> TASK: Transcribe the data below verbatim from the line with "Readiprint Fashions Green" to the line with "Nothin' to Say". Include both of those lines.

Records from a collection
_____

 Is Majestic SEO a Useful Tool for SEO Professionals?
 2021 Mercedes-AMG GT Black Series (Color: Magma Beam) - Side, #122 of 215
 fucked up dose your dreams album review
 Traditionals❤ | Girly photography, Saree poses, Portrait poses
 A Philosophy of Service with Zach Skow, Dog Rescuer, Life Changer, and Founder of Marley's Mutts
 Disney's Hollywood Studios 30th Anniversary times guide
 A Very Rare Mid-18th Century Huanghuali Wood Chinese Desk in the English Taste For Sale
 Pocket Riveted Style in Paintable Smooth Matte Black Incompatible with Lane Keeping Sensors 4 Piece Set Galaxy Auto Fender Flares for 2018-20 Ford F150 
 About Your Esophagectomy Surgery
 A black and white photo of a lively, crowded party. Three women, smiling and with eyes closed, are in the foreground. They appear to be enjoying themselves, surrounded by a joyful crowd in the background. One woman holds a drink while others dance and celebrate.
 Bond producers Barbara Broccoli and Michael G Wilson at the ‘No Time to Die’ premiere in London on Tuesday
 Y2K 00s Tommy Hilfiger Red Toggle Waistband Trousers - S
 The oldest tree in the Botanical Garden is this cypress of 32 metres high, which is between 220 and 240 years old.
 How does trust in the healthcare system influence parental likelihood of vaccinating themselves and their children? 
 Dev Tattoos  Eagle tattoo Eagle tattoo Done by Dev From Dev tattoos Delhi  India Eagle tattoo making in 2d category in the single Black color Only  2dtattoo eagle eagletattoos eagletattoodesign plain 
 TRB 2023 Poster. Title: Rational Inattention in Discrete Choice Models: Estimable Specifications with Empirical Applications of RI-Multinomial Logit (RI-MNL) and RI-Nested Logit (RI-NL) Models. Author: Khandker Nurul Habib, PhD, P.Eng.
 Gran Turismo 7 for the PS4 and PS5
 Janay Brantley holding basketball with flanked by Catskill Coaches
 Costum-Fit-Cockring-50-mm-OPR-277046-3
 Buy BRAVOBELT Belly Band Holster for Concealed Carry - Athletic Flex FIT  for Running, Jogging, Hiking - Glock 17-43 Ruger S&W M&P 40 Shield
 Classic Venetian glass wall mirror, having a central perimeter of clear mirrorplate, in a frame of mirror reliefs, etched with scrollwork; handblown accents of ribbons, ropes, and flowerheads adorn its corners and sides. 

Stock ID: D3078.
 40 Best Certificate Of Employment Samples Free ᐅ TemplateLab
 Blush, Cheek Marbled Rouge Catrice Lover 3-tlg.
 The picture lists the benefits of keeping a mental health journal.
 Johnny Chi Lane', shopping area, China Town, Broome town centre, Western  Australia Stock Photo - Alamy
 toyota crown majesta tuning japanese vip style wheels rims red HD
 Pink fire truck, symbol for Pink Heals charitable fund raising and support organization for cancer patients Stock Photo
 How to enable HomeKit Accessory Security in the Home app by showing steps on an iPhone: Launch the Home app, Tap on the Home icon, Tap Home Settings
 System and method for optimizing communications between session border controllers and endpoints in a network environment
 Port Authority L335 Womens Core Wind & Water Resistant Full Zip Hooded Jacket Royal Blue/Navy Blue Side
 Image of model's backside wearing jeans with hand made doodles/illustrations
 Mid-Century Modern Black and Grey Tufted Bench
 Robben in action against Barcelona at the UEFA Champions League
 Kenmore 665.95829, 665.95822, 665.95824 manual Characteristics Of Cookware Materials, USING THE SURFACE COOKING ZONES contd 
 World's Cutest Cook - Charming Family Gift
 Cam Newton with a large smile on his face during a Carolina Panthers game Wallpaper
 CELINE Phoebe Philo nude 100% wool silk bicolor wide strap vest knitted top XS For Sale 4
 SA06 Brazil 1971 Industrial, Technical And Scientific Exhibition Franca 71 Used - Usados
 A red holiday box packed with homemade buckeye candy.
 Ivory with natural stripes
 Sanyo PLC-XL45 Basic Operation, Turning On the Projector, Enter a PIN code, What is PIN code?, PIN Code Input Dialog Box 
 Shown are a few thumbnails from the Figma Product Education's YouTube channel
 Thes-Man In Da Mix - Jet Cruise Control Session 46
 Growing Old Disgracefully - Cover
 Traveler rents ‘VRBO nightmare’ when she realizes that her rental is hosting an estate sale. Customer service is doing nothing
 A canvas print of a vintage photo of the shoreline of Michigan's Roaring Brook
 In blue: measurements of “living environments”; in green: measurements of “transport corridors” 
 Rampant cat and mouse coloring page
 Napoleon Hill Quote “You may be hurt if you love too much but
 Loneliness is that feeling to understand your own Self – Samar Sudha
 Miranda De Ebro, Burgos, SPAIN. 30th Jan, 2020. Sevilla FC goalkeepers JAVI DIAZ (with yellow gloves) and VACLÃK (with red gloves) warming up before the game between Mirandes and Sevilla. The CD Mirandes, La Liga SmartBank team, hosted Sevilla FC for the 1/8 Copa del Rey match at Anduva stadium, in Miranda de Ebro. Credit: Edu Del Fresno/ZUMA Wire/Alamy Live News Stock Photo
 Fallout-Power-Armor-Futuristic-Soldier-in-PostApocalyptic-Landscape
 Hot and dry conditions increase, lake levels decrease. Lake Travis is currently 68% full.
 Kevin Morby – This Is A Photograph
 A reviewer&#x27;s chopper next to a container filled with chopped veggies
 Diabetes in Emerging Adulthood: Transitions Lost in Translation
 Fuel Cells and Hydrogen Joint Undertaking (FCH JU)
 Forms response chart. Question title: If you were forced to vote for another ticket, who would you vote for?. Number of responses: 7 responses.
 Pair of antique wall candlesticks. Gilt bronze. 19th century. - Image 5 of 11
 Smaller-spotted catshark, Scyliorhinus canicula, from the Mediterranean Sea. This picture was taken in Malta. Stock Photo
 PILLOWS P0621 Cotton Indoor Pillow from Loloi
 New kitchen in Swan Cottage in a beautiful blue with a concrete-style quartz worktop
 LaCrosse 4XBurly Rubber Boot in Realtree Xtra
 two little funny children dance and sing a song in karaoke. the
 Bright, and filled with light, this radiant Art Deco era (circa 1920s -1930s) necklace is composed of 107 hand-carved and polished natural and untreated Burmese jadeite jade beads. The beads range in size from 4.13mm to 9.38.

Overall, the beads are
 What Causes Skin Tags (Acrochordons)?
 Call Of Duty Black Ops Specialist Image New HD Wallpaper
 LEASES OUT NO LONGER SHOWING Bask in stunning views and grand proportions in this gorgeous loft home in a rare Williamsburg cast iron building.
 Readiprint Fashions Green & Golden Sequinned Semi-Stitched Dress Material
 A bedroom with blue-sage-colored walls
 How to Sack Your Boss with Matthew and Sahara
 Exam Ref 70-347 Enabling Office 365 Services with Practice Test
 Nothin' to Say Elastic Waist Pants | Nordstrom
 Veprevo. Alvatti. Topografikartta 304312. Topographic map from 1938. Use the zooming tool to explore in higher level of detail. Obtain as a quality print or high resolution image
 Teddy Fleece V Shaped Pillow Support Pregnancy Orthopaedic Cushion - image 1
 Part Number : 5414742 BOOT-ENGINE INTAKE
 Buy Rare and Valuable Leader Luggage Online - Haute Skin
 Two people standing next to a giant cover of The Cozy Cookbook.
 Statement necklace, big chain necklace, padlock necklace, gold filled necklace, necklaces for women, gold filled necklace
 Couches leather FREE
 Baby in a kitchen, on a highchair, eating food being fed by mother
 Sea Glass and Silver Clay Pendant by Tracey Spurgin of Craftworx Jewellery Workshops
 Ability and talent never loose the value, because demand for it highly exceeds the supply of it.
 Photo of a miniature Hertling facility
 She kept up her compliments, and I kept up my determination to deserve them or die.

_____

> RESULT OF THE TASK:
 Readiprint Fashions Green & Golden Sequinned Semi-Stitched Dress Material
 A bedroom with blue-sage-colored walls
 How to Sack Your Boss with Matthew and Sahara
 Exam Ref 70-347 Enabling Office 365 Services with Practice Test
 Nothin' to Say Elastic Waist Pants | Nordstrom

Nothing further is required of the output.